Это, наверное, случайно так получалось — что моими партнерами нередко были представители богемы. Условной, конечно, но все же — художник, литературный критик, даже поэт, правда, детский. Я еще смеялась про себя, думая, что после наших с ним развлечений он, того гляди, откажется от своей специализации и начнет писать непристойные стишки или любовную лирику, и что вряд ли это пойдет ему на пользу — детские книжки более выгодное дело. А еще один раз это был электрик из Дома литераторов, но это уже не совсем то.
А может, в этом была какая-то предопределенность, может, люди, близкие к искусству, все как один поклонники лолит? Шутка, конечно, — но мне это льстило. Мне иногда казалось, что те, кто общался со мной, видели во мне что-то, кроме прелестного молодого тела, — что-то очень тонкое и изысканное. И попадали под его гипнотическое влияние, теряли рассудок от исходящей от этого тела сексуальности. Мне приятно было думать об этом, думать, что во мне есть нечто, чего нет в других женщинах. Разве могла я это не ценить?
Я никогда не использовала свою привлекательность в каких-то корыстных целях. Мне это даже в голову не приходило. Мне льстило мужское внимание, приятно было чье-то желание, и мне казалось, что, отдаваясь кому-то, я навсегда увековечиваю себя в чьей-то памяти, отпечатываю на чужом сознании маленький розовый логотип — вроде вкладышей из жвачек под двусмысленным названием «Любовь — это…». Только гораздо более откровенный — стоящую на коленях пухлую малышку с ярким ртом. И мне это нравилось.
Наверное, я и дальше жила бы вот так, как придется, радуясь каждому приходящему дню, благосклонно и внимательно выслушивая мужские комплименты. Если бы не пришло время задуматься над тем, как я живу, и понять, что все это время я жила неправильно.
Я поняла, что совершенно не умею жить. Поняла вдруг отчетливо, принимая удар, покачнувшись от обрушившейся на меня страшной истины. Над которой не задумывалась раньше. Пока не наступила эта осень. Пока не появилась она…
Все шло не так тем летом.
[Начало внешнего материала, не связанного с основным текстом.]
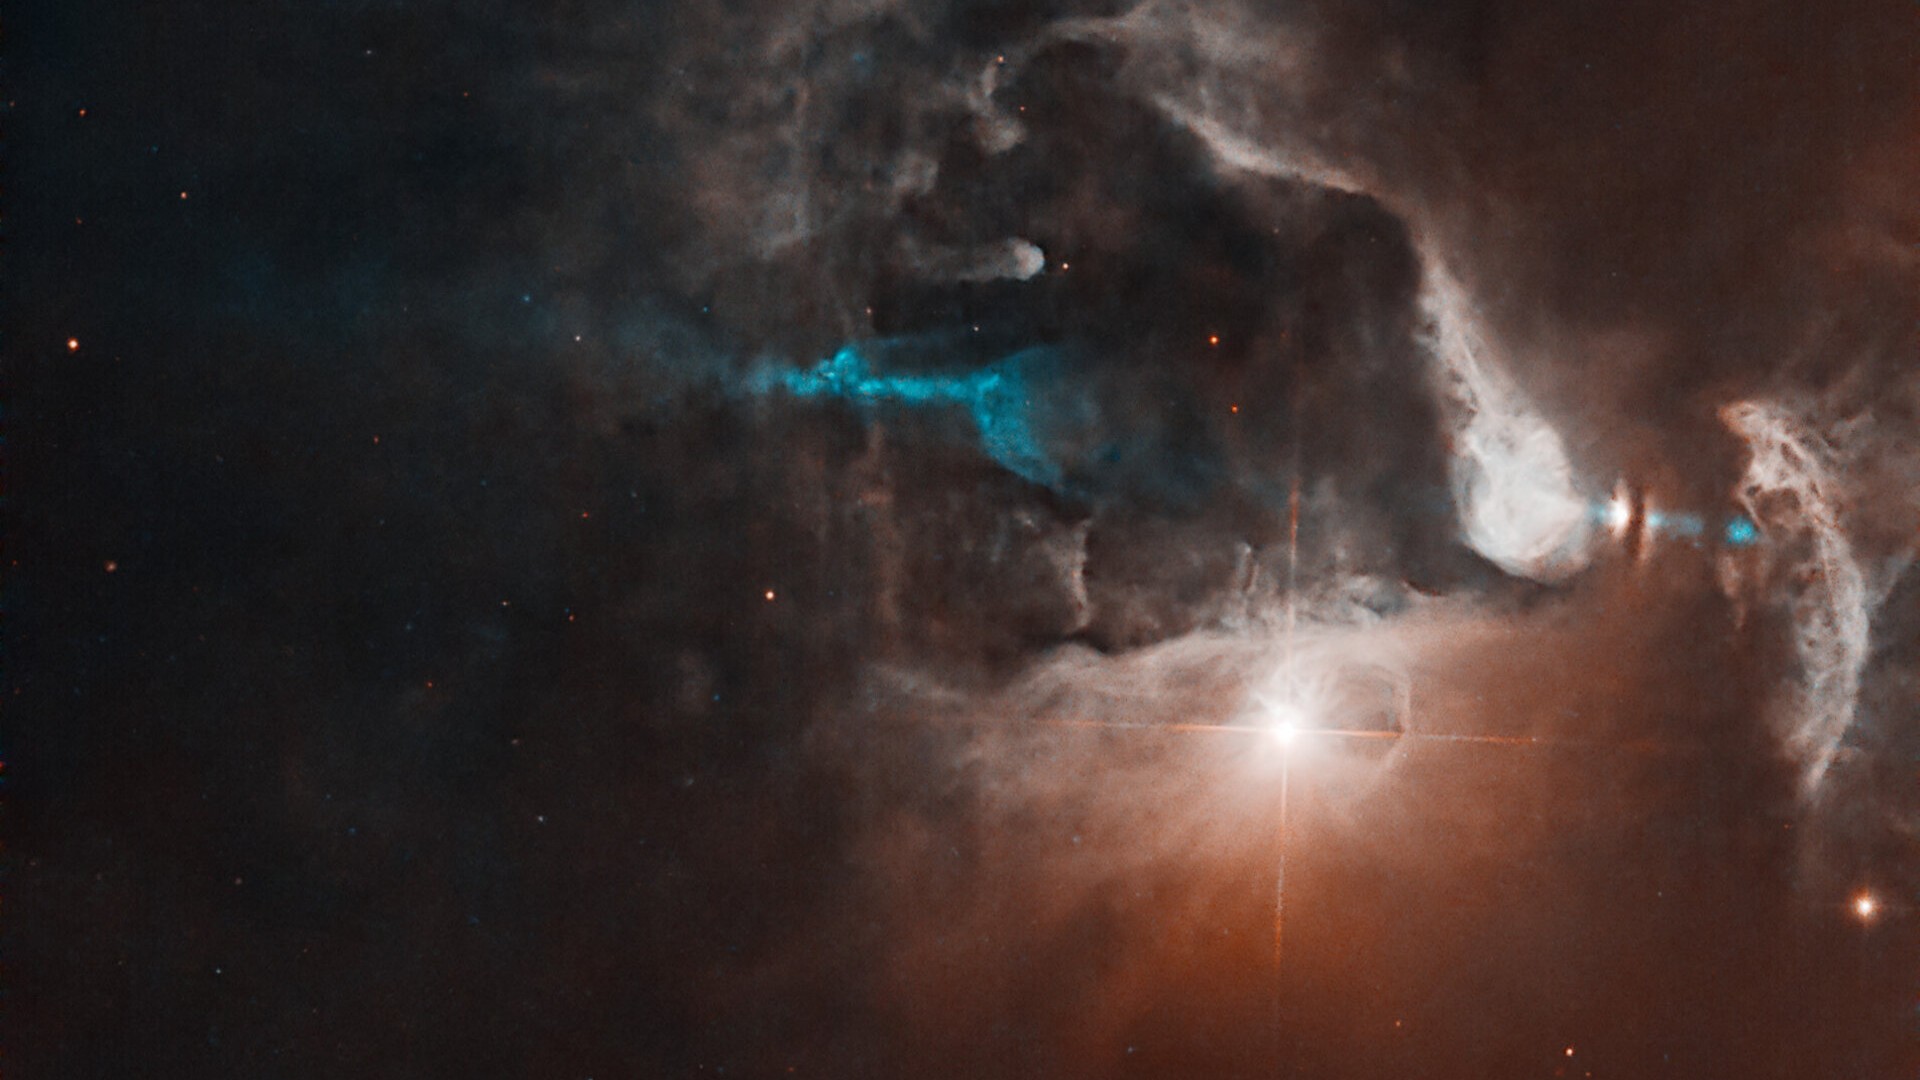 Jatos emergem do casulo de uma estrela recém-formada, cortando o gás e a poeira de uma nebulosa brilhante, nesta imagem. FS Tau é um sistema com diversas estrelas, especialmente FS Tau A, o objeto brilhante ao meio, e FS Tau B (Haro 6-5B), o objeto cintilante, na extrema direita, que está parcialmente obscurecido por uma faixa escura e vertical de poeira. O sistema tem apenas 2,8 milhões de anos, o que é muito jovem para um sistema estelar. FS Tau faz parte da região Taurus-Auriga, uma coleção de nuvens moleculares escuras que abrigam numerosas estrelas jovens e recém-formadas, a cerca de 450 anos-luz de distância, entre a Constelação de Touro e a Constelação de Auriga (“O Cocheiro”)

В своих призрачных мечтах, порой туманящих настоящую жизнь, делавших ее лучше и красивее, я представляла себе все совсем иначе. Я никогда не носила очков, несмотря на проблемы со зрением, и мир, окружавший меня, казался мне мягче и лучше — и я вовсе не хотела видеть его более четко. Потому и рисовала себе картинки — приятные и яркие, пусть и не совпадающие контурами с реальностью.
Так вот — то лето я представляла себе по-другому. Я отработала год на киностудии и рассчитывала на заслуженный отпуск, и он рисовался мне красочным и полным страстей, щемящих коротких романов и трагических расставаний. Меня отпустили с трудом, и это вот нежелание директора расставаться с хорошим работником даже на короткий срок мне очень льстило. Я погладила ласково свои пыльные мониторы, посмотрела в тусклое треснутое окошко на замызганный дворик, высыпала в корзину пепельницу, утрамбованную окурками трехдневной давности — окурками, испачканными слюной и помадой великих, — и покинула свою фабрику грез. Обещая про себя, что покидаю ее ненадолго. Важнейшее из искусств не могло долго существовать без самого верного ему человека.
Мне так хотелось краткосрочного и волнительного вояжа куда-нибудь за границу — пусть даже в дешевую Турцию или Болгарию, но в одиночестве, без родителей. Мне виделся уже какой-нибудь морской гигант вроде «Титаника», должный повезти меня навстречу приключениям, бросающий в объятия новых мужчин. Ожидаемые страсти должны были быть яростными и губительными, как десятибалльный шторм, и я даже почти готова была сгинуть в пучине, слушая до самого конца слова любви от почти незнакомого мне молодого красавца, прижимаясь к нему всем телом и делая вид, что не чувствую его эрекции. Вышло же все иначе. Ну просто совсем.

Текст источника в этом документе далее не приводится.